_Task directions_
In this exercise, copy exactly the lines from the one that contains "20 KOPEKS 1923" through the end of the entries below; pictures are not copied.
━━ Supplied data
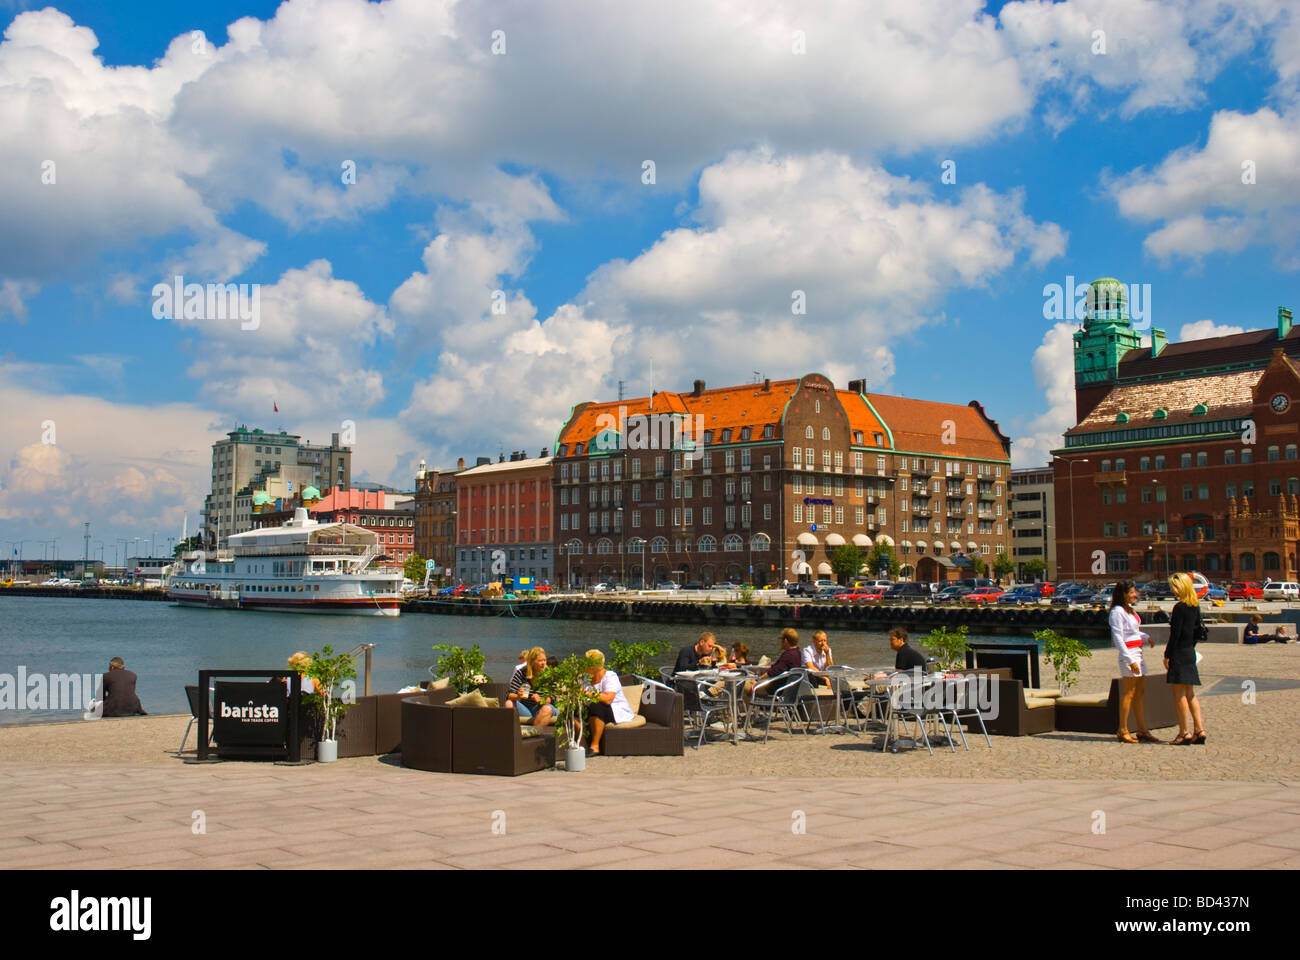 People on cafe terrace at Bagersplats squre at Inre hamnen harbour in Malmö Skåne Sweden Europe Stock Photo
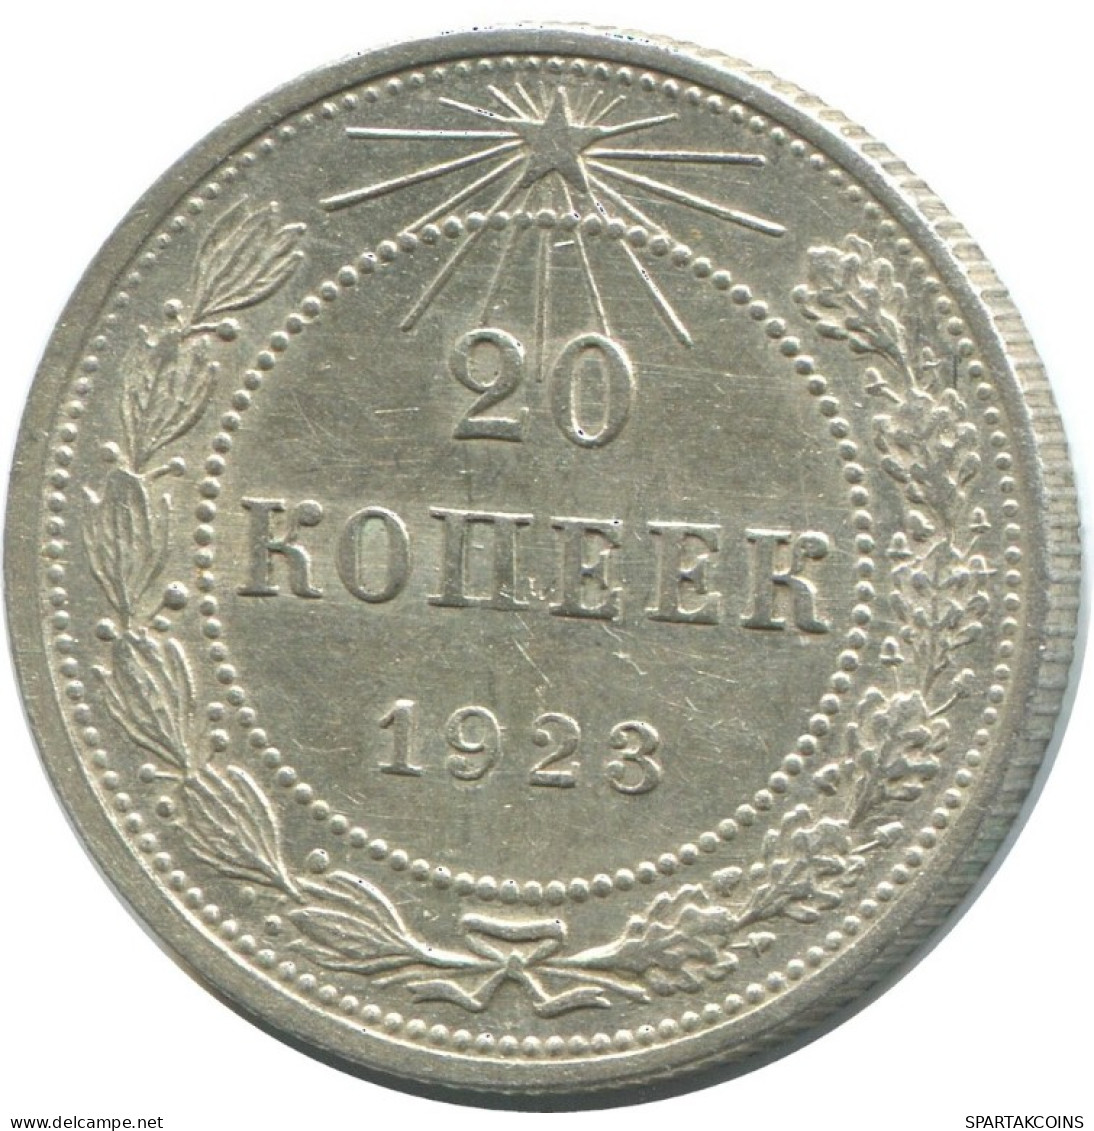 20 KOPEKS 1923 RUSSIA RSFSR SILVER Coin HIGH GRADE #AF654.U.A - Rusia
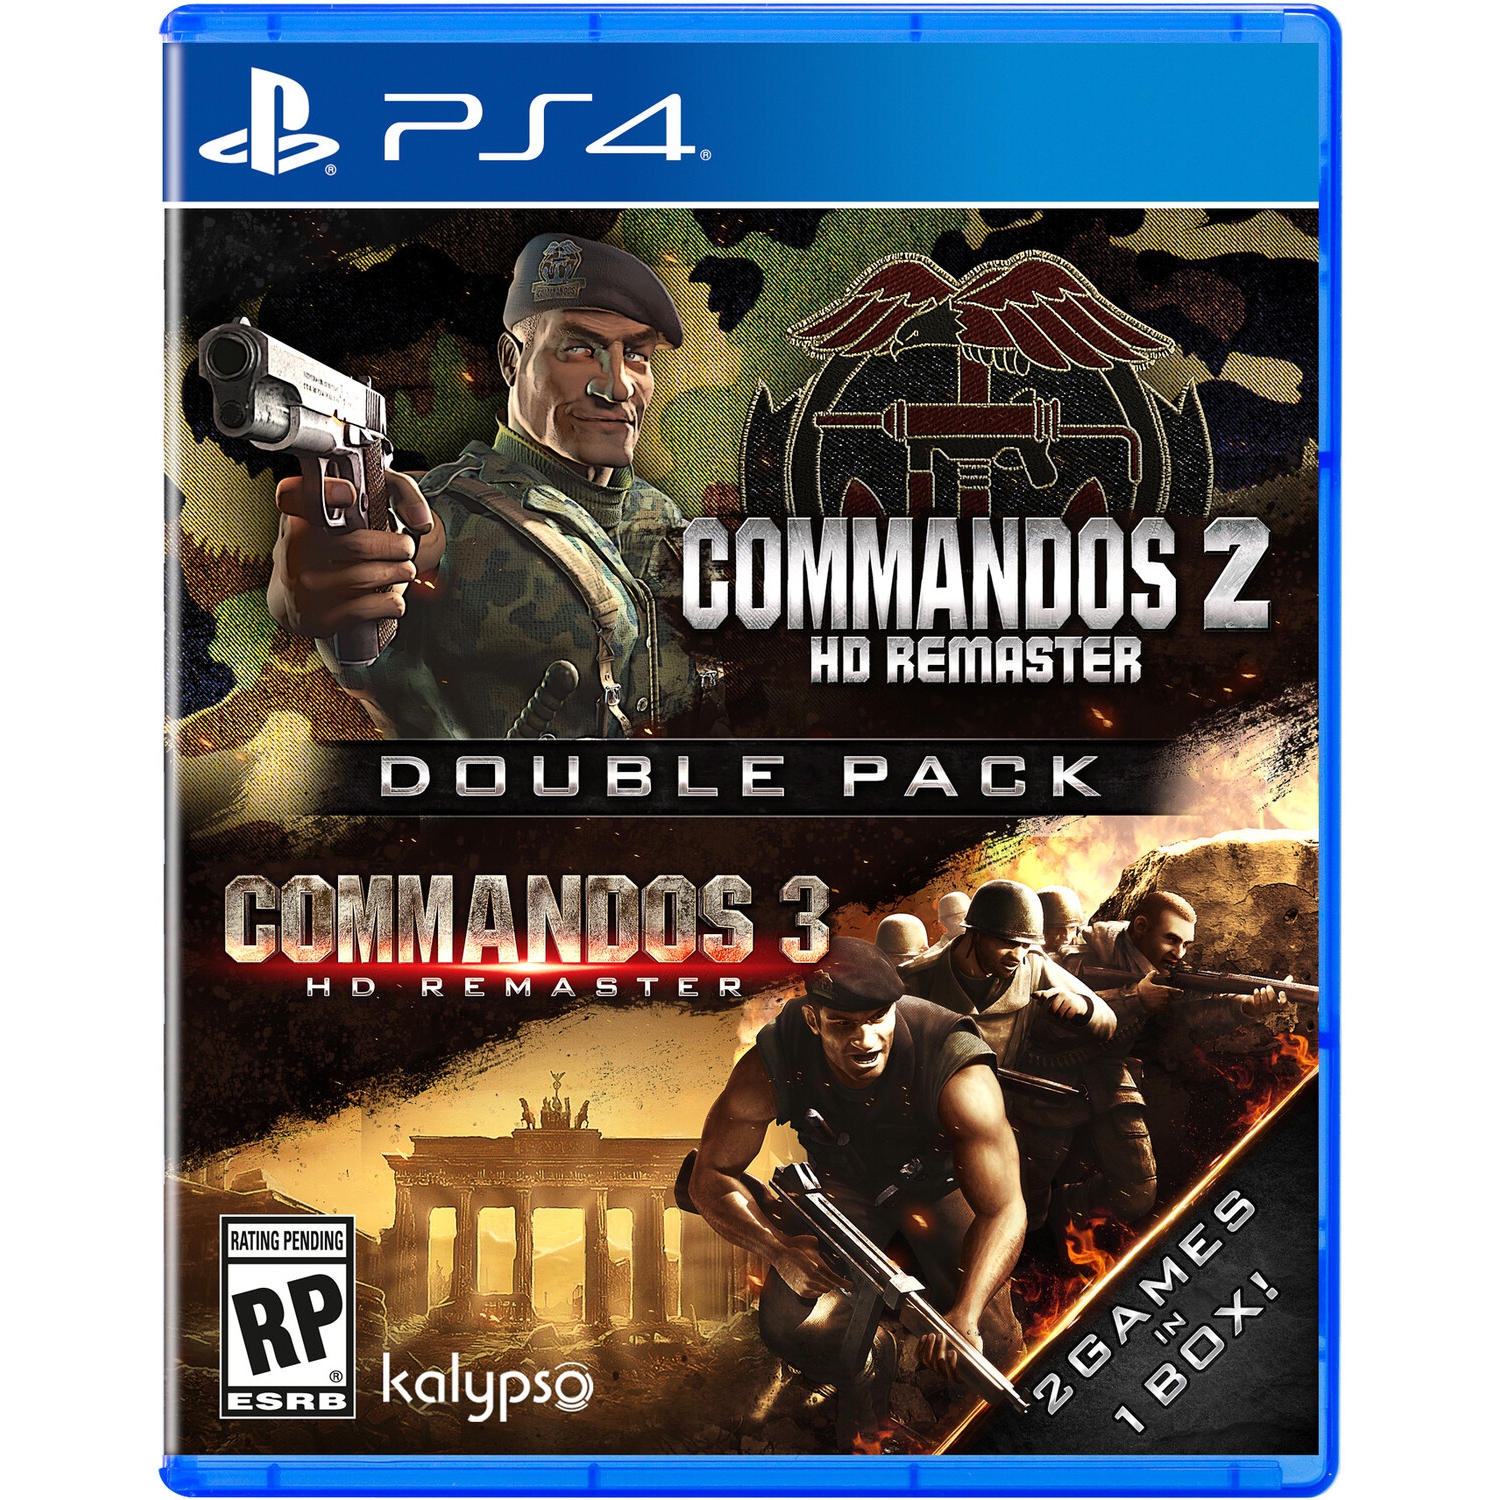 Commandos Double Pack (COMMANDOs 2 HD & COMMANDOS 3 HD) for PlayStation 4 [VIDEOGAMES]
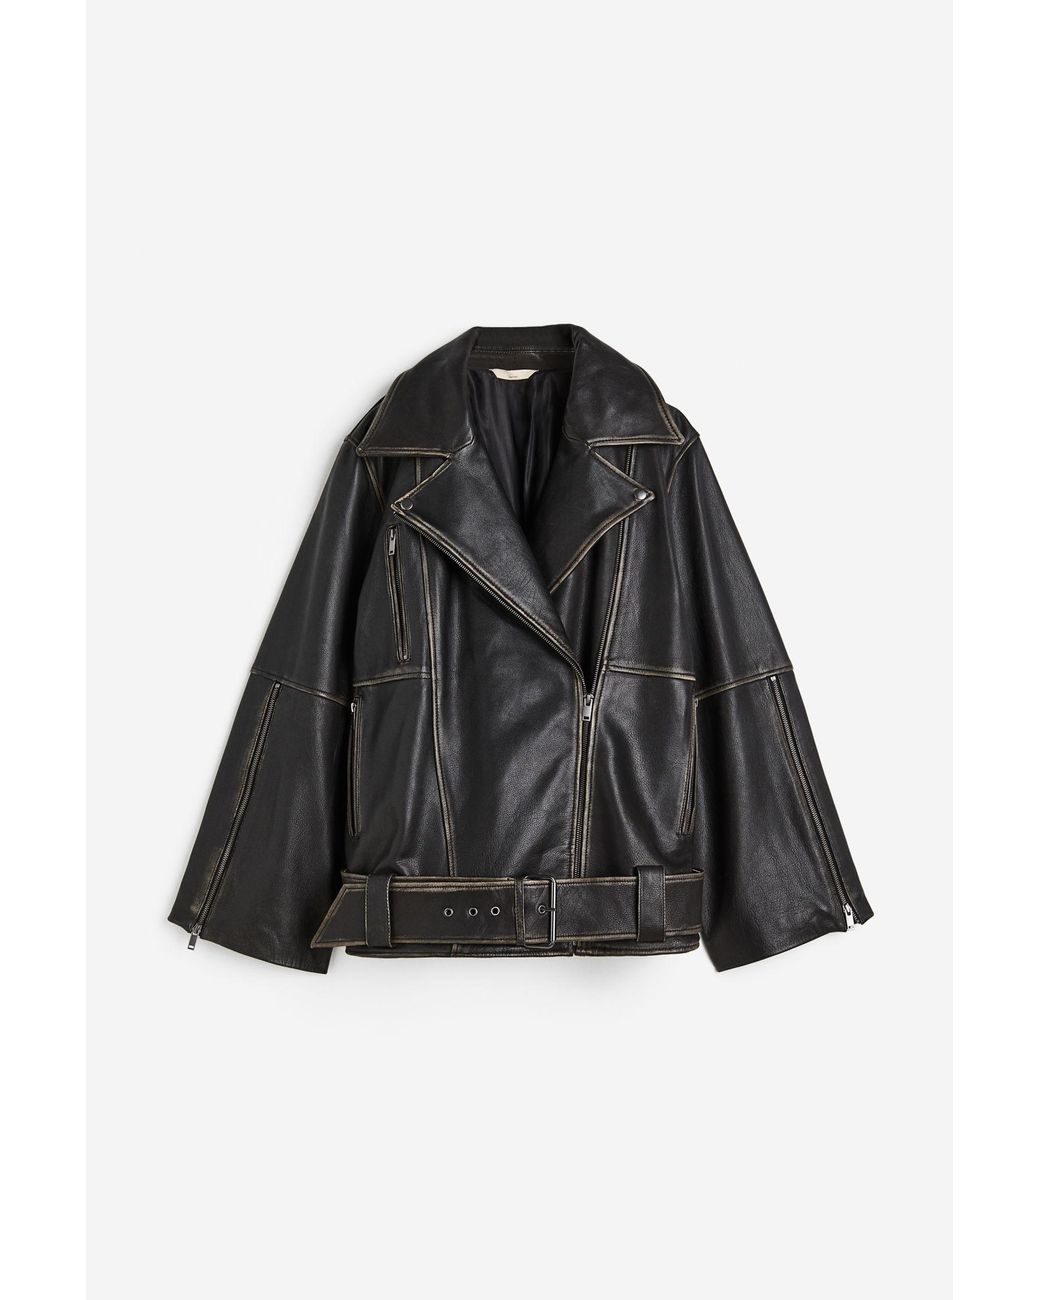 H&M Leather Biker Jacket in Black | Lyst UK
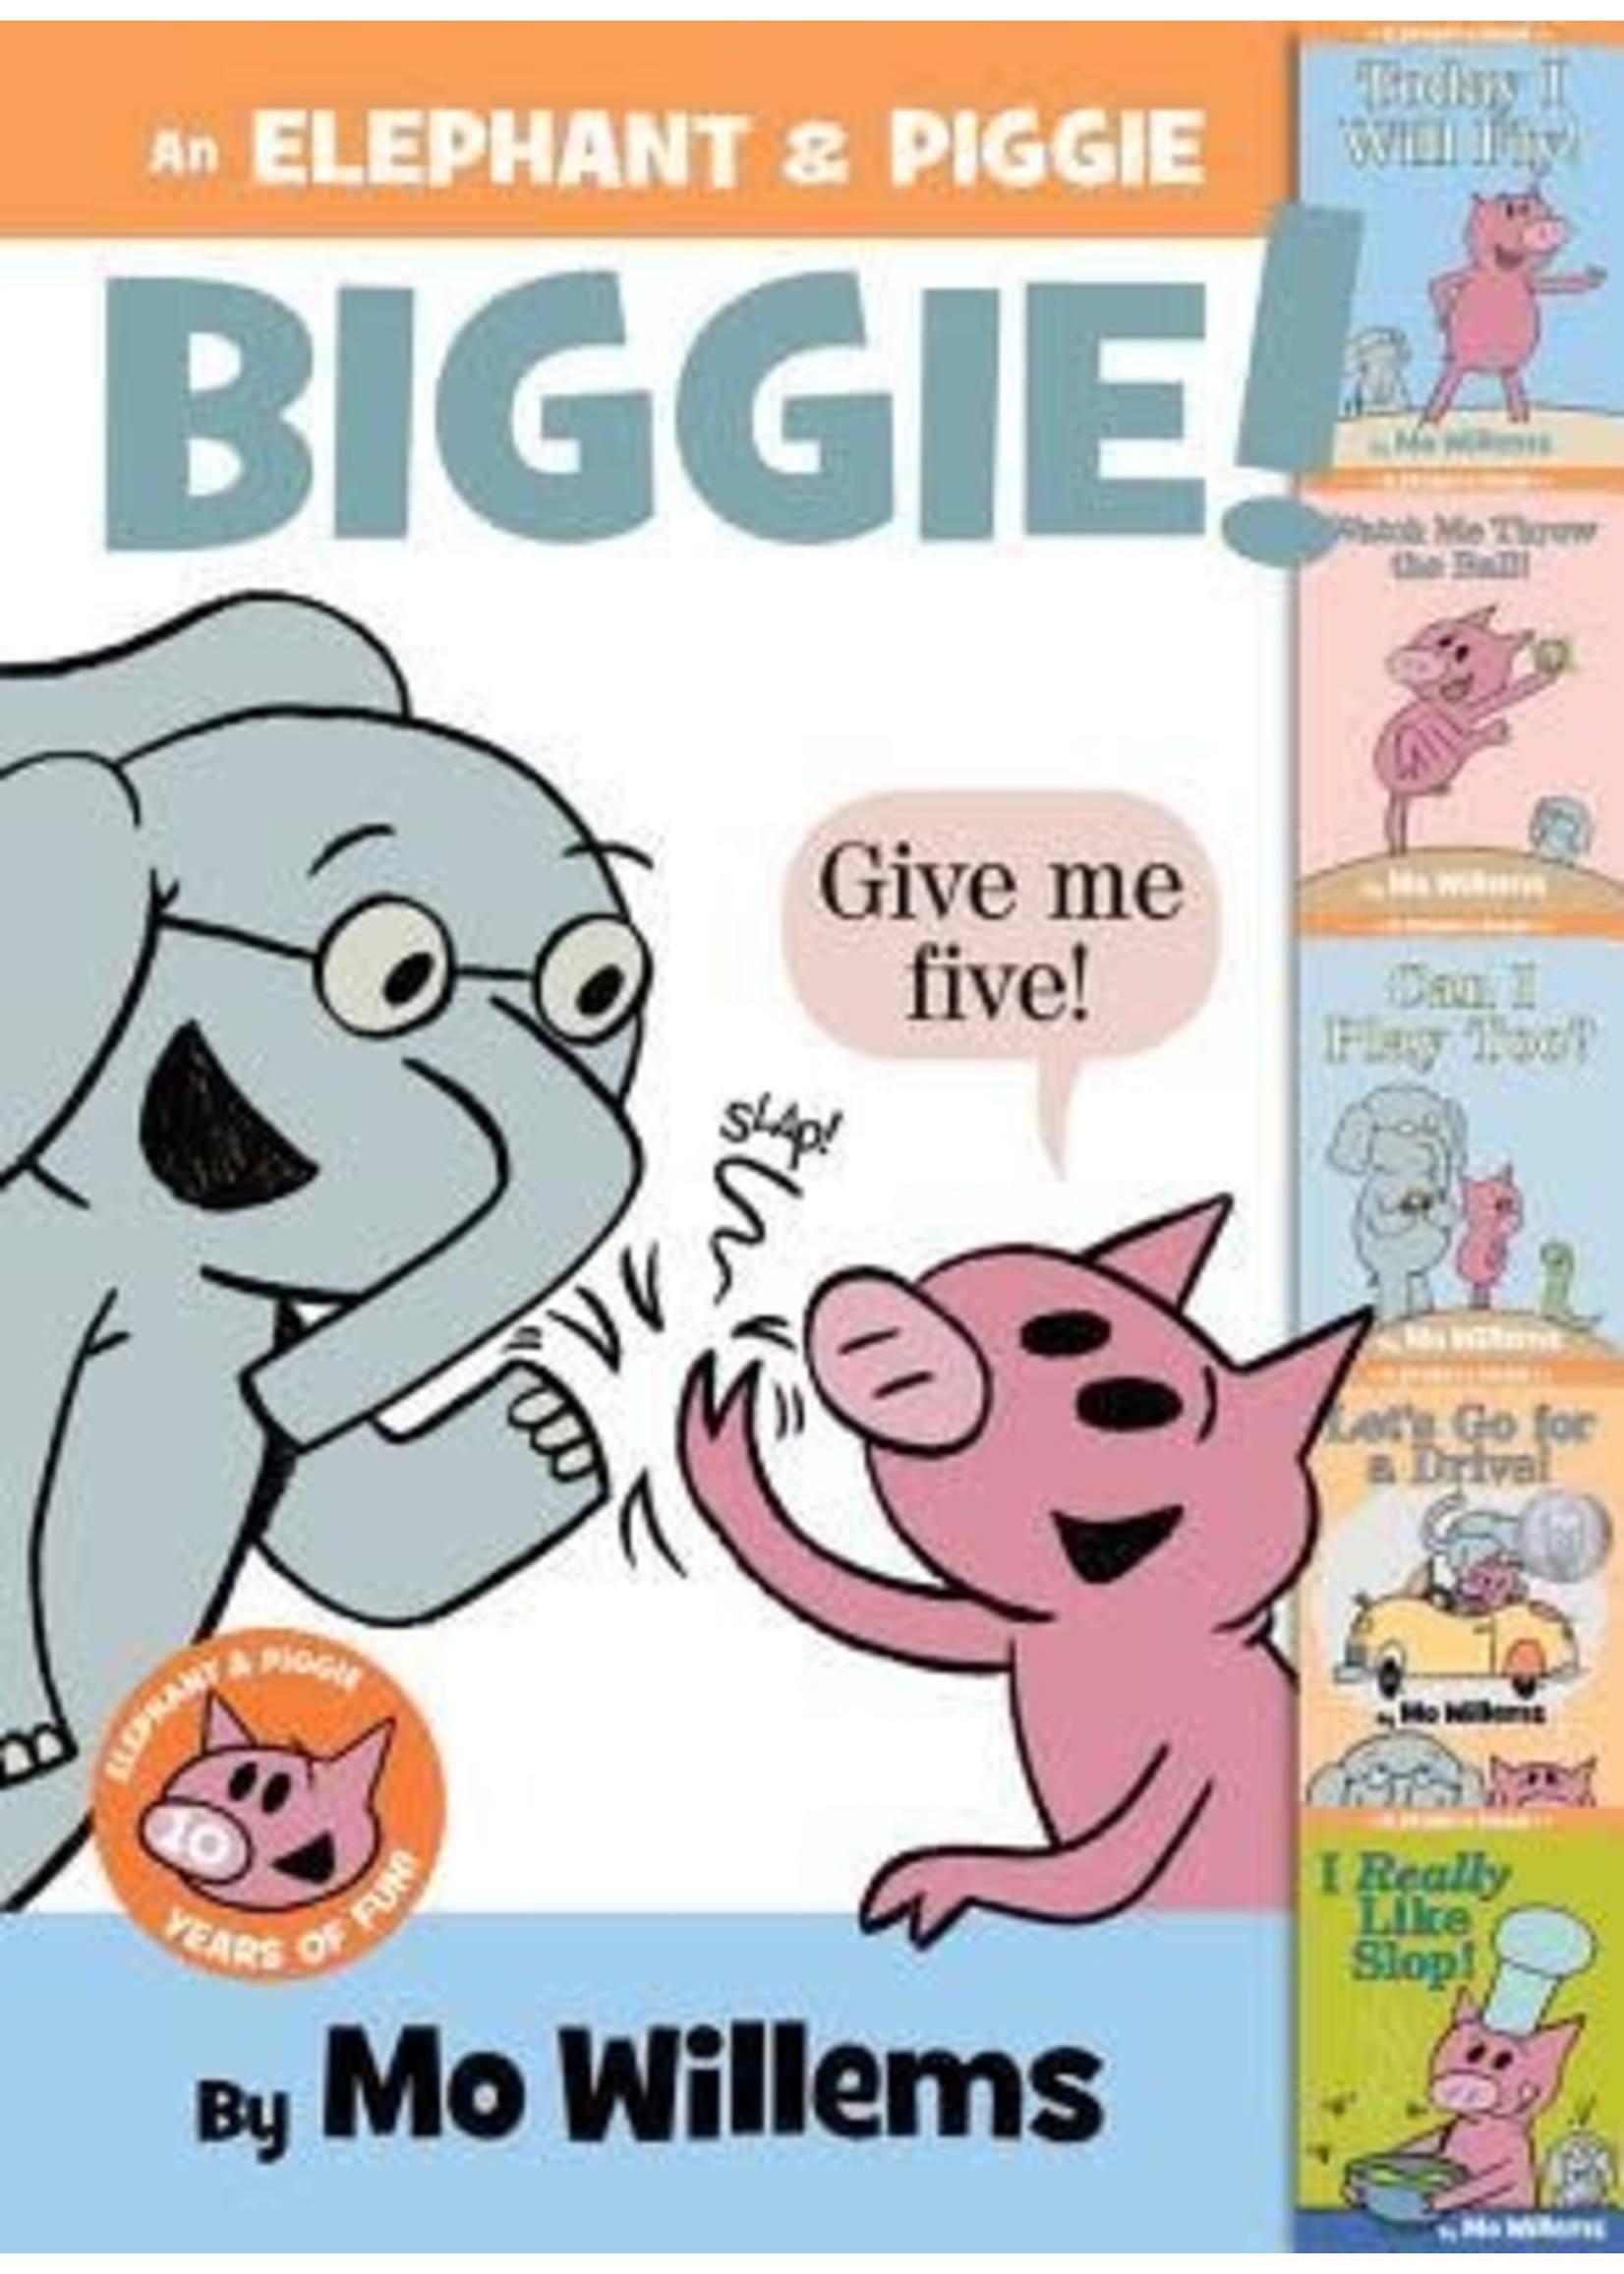 An Elephant & Piggie Biggie Volume 1 by Mo Willems
━━━━
_Solution to the problem_
 20 KOPEKS 1923 RUSSIA RSFSR SILVER Coin HIGH GRADE #AF654.U.A - Rusia
 Commandos Double Pack (COMMANDOs 2 HD & COMMANDOS 3 HD) for PlayStation 4 [VIDEOGAMES]
 H&M Leather Biker Jacket in Black | Lyst UK
 An Elephant & Piggie Biggie Volume 1 by Mo Willems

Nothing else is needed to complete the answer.